Mitochondrial fusion is modulated by signalling pathways
Similar to the yeast mitochondrial fusion reaction, the reaction was efficient in the absence of exogenous cytosol. Nonetheless, there was a profound consequence of cytosol addition, depending on the state of the cell at the moment of cytosol preparation. Figure 4a shows that the addition of 0.1, 0.3 and 3.0 mg/mL (final) cytosol prepared from non-confluent sHeLa cells undergoing normal proliferation stimulated the reaction in a concentration-dependent manner. However, the addition of 0.3 and 3 mg/mL purified placenta cytosol led to an inhibition of mitochondrial fusion in a dose-dependent manner. This cytosol inhibition was not due to osmotic effects, since 3 mg/mL BSA (bovine serum albumin) did not influence the reaction (Figure 4a).

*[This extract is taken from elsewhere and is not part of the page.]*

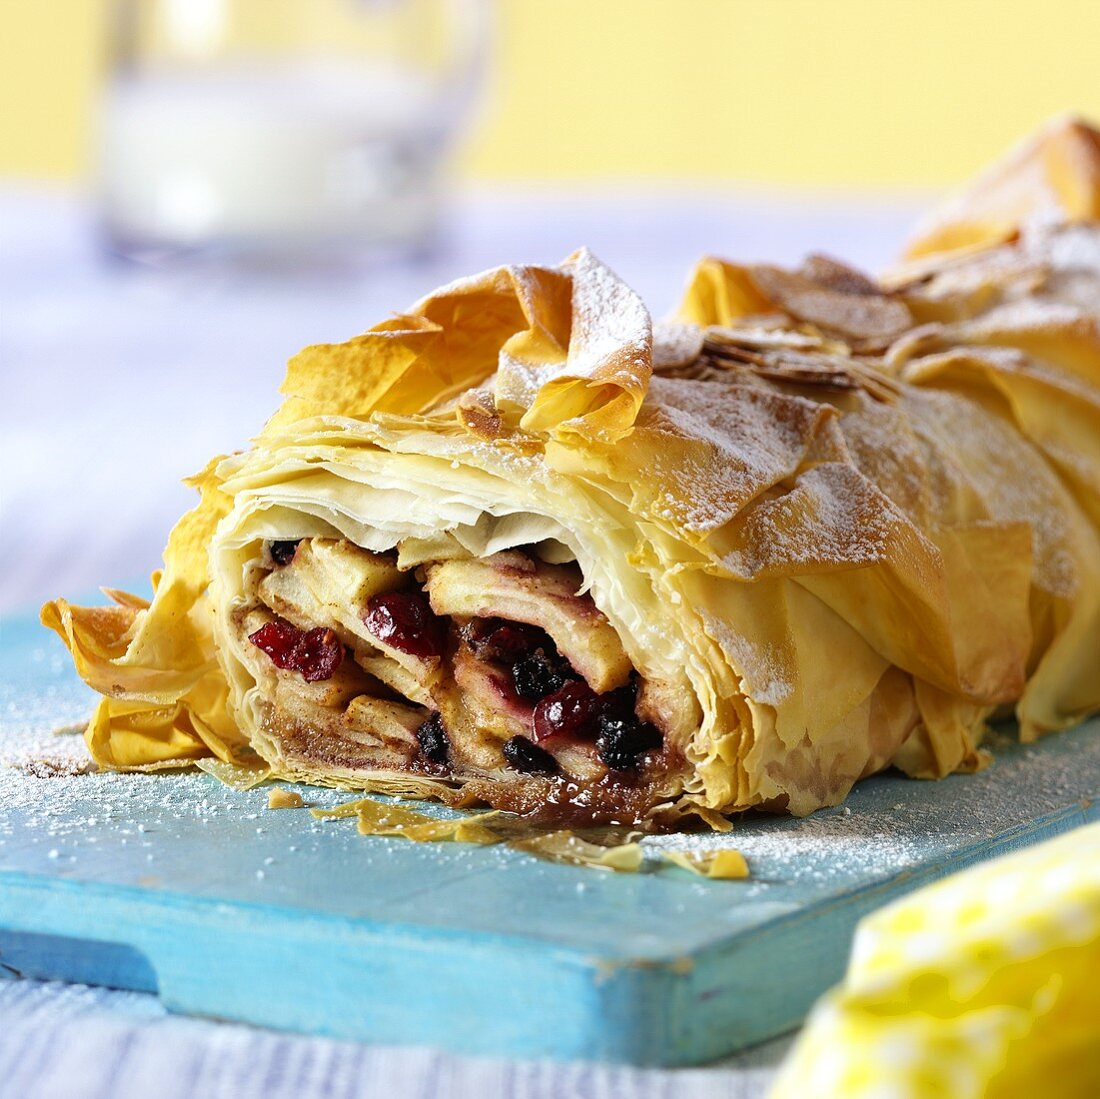 Sweet strudel with fruity filling, a piece cut

The results demonstrate that the amount of mitochondrial fusion can be modulated by cytosolic factors either in a negative or positive way depending on the source of cytosol. In this way, although we have efficient fusion in the absence of cytosol, the efficiency of the reaction is cytosol-dependent. One potential difference between placenta and sHeLa may be the status of signalling pathways that are activated upon the isolation of cytosol. In to test whether phosphoproteins may be required for mitochondrial fusion, we added Shrimp Alkaline Phosphatase (SAP) into the reaction. The data show that the dephosphorylation of proteins leads to a profound and concentration dependent inhibition of the reaction (Figure 4b). Heat-inactivated phosphatase was not inhibitory (Figure 4b).

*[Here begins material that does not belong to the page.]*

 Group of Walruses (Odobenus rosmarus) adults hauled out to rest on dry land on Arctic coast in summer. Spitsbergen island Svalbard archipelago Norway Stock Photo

In order to further probe the impact of signalling pathways on the fusion reaction, we isolated cytosols from drug-treated sHeLa cells to activate different pathways. We treated sHeLa cells with staurosporin (STS, 1.5 μM) for 6 h to induce apoptosis, collected the apoptotic cytosol by ultracentrifugation and added it back into the fusion reaction. As expected from previous studies [10, 24], and the microscopic analysis of treated cells (Figure 5a), apoptotic cytosol inhibited the fusion reaction (Figure 5b). This demonstrates how cytosolic factors can modulate mammalian mitochondrial fusion. In contrast to the inhibition of fusion during cell death, it has been shown that the activation of protein kinase A (PKA) through the cAMP pathway leads to the phosphorylation of DRP1 and an inhibition of mitochondrial fission, leading to a more connected mitochondrial reticulum [25–27]. Upon addition of 10 μM forskolin to HeLa cells, we also observed an increased interconnectivity of the mitochondrial reticulum within the first 30 minutes (Figure 5a). In order to test whether this phenotype may reflect an increase in fusion that may accompany DRP1 inhibition, we harvested cytosol from forskolin-treated sHeLa cells and added this to the cell-free fusion reaction. Relative to control cytosol, forskolin-treated cytosol led to a 1.5 - to twofold stimulation in mitochondrial fusion (Figure 5b and 5c). Addition of forskolin directly into the reaction did not have any effect on the efficiency of fusion (Figure 5c). Further incriminating the adenylate cyclase pathway in promoting fusion, stimulation by forskolin could be prevented by a prior incubation with the PKA inhibitor H89 (1 h, 10 μM; Figure 5c). This confirms that forskolin acts through the established plasma membrane-bound adenylate cyclase whose downstream signalling mechanisms converge on the mitochondria to activate mitochondrial fusion.